Mariah felt where it was going, this story, and she wanted to tell her to stop, but she wanted to hear, too.

“Well, I’m sure you’ve guessed. They didn’t give her the antibiotics regularly, and they weren’t paying attention well enough, and Sophie ...” Her voice cracked. “Died. Of something that shouldn’t have been fatal. They just neglected her and she died.
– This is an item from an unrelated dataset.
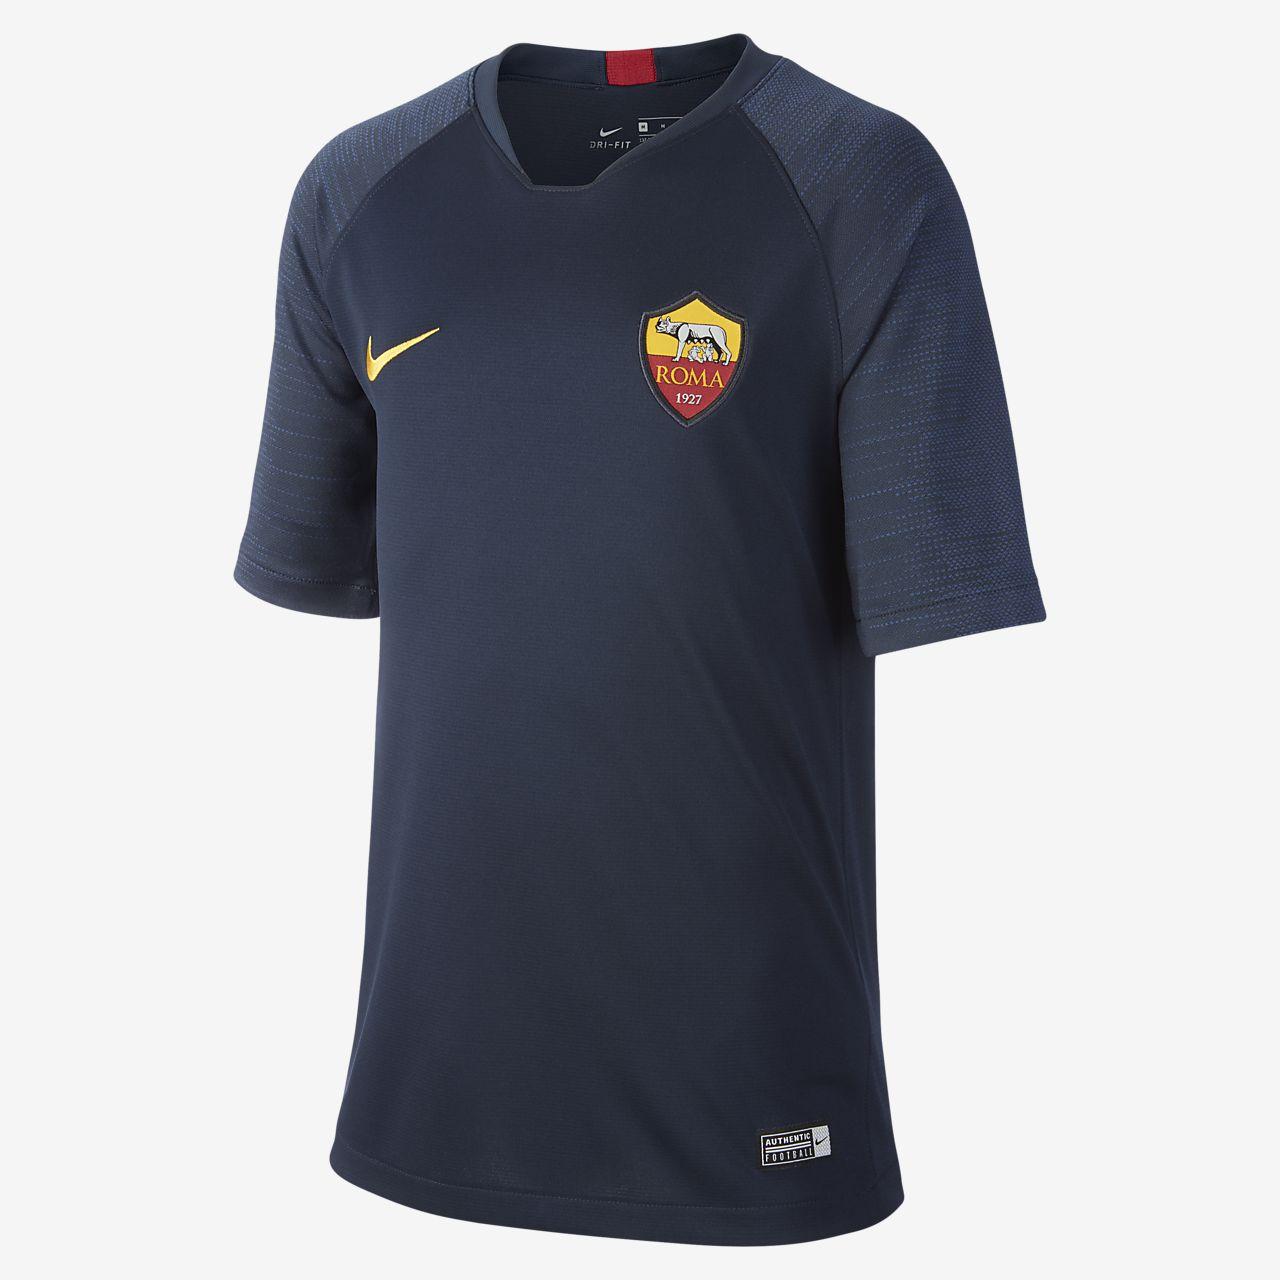 Camiseta de fútbol de manga corta para niños talla grande Nike Breathe A.S. Roma Strike

“So I went over there, and Fiona said it wasn’t the right time of day, so I took a brick out of my garden, and I started breaking windows.”

“What?” Mariah gasped.

“Yep.” She shook her head. “They were really great windows, too, leaded glass, some of them.” She brushed a tear away, turned her hand over and took Mariah’s. “I managed to shatter most of the windows along the front porch and around one side before the police arrived.”

Henry sat beside Veronica on the other side. “And they arrested you?”

“Domestic violence. And I had to pay damages, too,” she said, a laugh escaping and turning into a painful sob she caught and swallowed, as if she wasn’t allowed even that moment of grief. “I had to take classes, and I’m still not allowed to come within a hundred feet of the house.”

“He deserved it,” Mariah said fiercely. “What a dick.”

“Yes.” She was quiet, looking into the distance.

“The thing is, it didn’t bring Sophie back.

And I’m still suffering the consequences of losing my temper.

I know a dog is not the same as a mother, but I don’t think there’s a lot of difference in the violence you were feeling just now and the violence I felt that day. ”

Mariah imagined Veronica, so proper and hungry for approval, in handcuffs. She still felt restless, the noise popping in her head every so often, but something about Veronica’s tone of voice centered her. Maybe the violence stemmed from helplessness.

Which made her think of the boy with the gun, the one she wanted to punish, and his violence. Had that come from helplessness, too?

She thought of Veronica, breaking windows methodically, being dragged away by the police. She raised her head. “I hate that that happened to you.”

“Thanks. The point is, I don’t want you to give yourself more trouble. You’ve had plenty, right?”

“Yeah,” she said. “Yeah. Thank you.”

On the way back to the riad , Mariah asked, “Did it feel good to break things?”

“It was very satisfying.”

Henry chuckled. The low, warm sound made all of them smile.